Social Psychology with Professor Scott Plous

altruism A motive to increase another’s welfare without conscious regard for one’s self-interests.
social-exchange theory The theory that human interactions are transactions that aim to maximize one’s rewards and minimize one’s costs.
reciprocity norm An expectation that people will help, not hurt, those who have helped them.
social-responsibility norm An expectation that people will help those needing help.
bystander effect The finding that a person is less likely to provide help when there are other bystanders.
aggression Physical or verbal behavior intended to hurt someone.
instrumental aggression Aggression that is a means to some other end.
frustration The blocking of goal-directed behavior.

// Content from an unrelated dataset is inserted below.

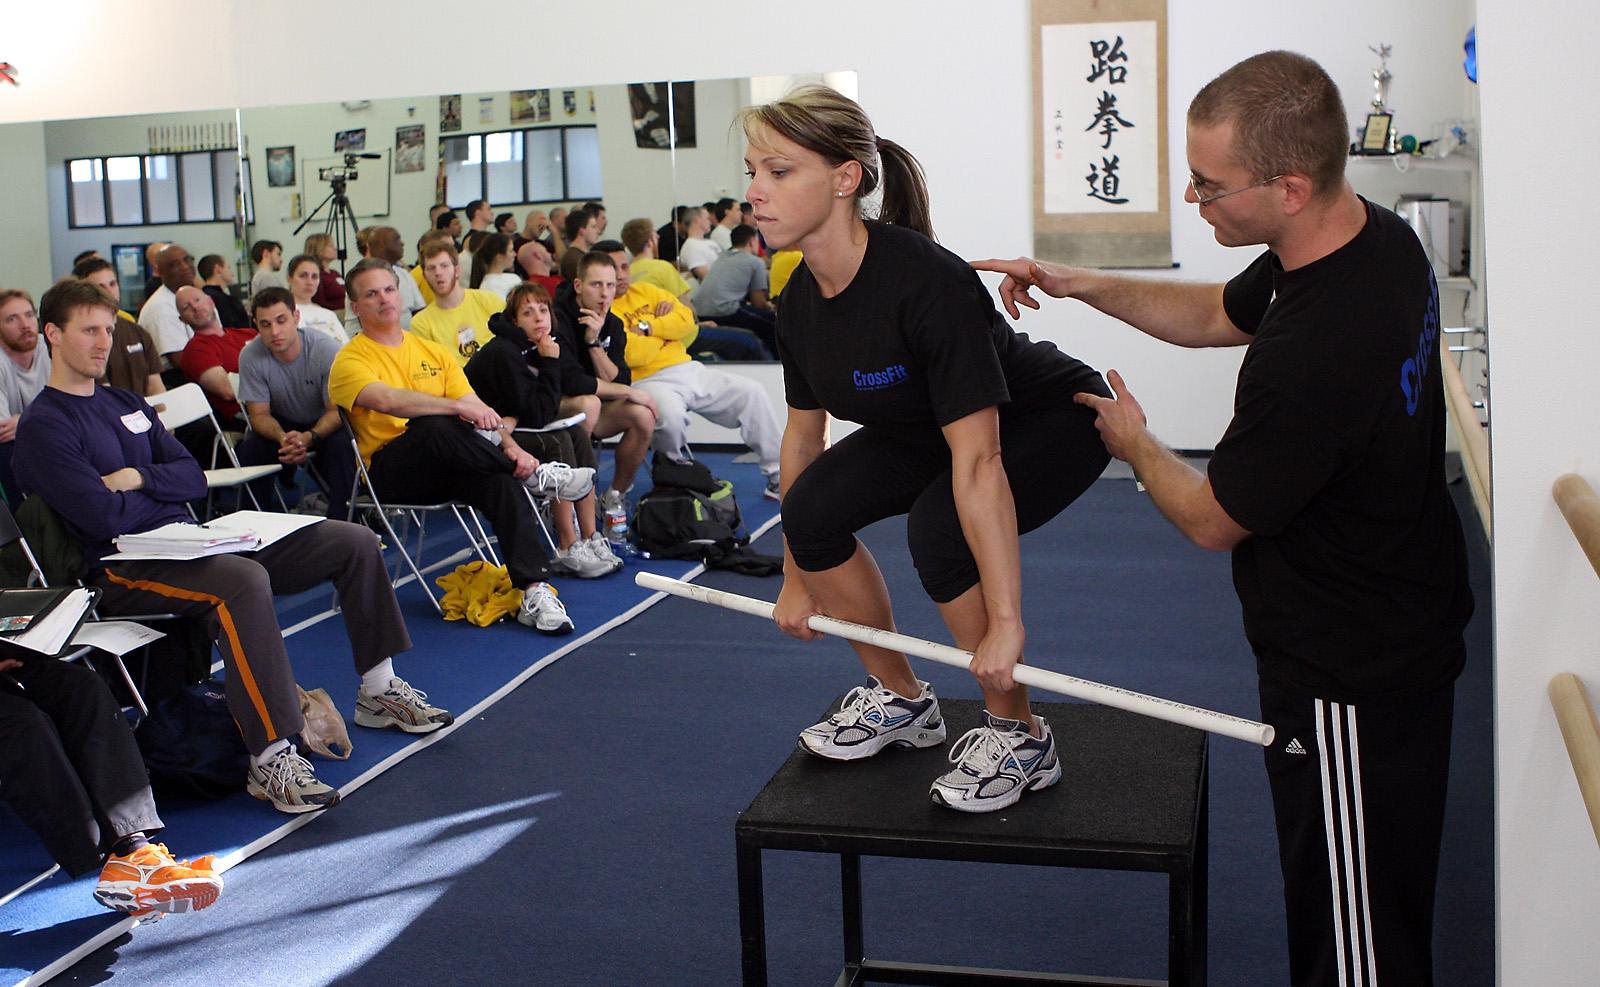 CrossFit: Forging Elite Fitness: Sunday 080210

displacement The redirection of aggression to a target other than the source of the frustration. Generally, the new target is a safer or more socially acceptable target.
social learning theory The theory that we learn social behavior by observing and imitating and by being rewarded and punished.
crowding A subjective feeling that there is not enough space per person.
catharsis Emotional release. This view of aggression is that aggressive drive is reduced when one “releases” aggressive energy, either by acting aggressively or by fantasizing aggression.
conflict A perceived incompatibility of actions or goals.
social trap A situation in which the conflicting parties, by each rationally pursuing its self-interest, become caught in mutually destructive behavior. Examples include the Prisoner’s Dilemma and the Tragedy of the Commons.
non-zero-sum games Games in which outcomes need not sum to zero. With cooperation, both can win; with competition, both can lose. (Also called mixed-motive situations.)
mirror-image perceptions Reciprocal views of each other often held by parties in conflict; for example, each may view itself as moral and peace-loving and the other as evil and aggressive.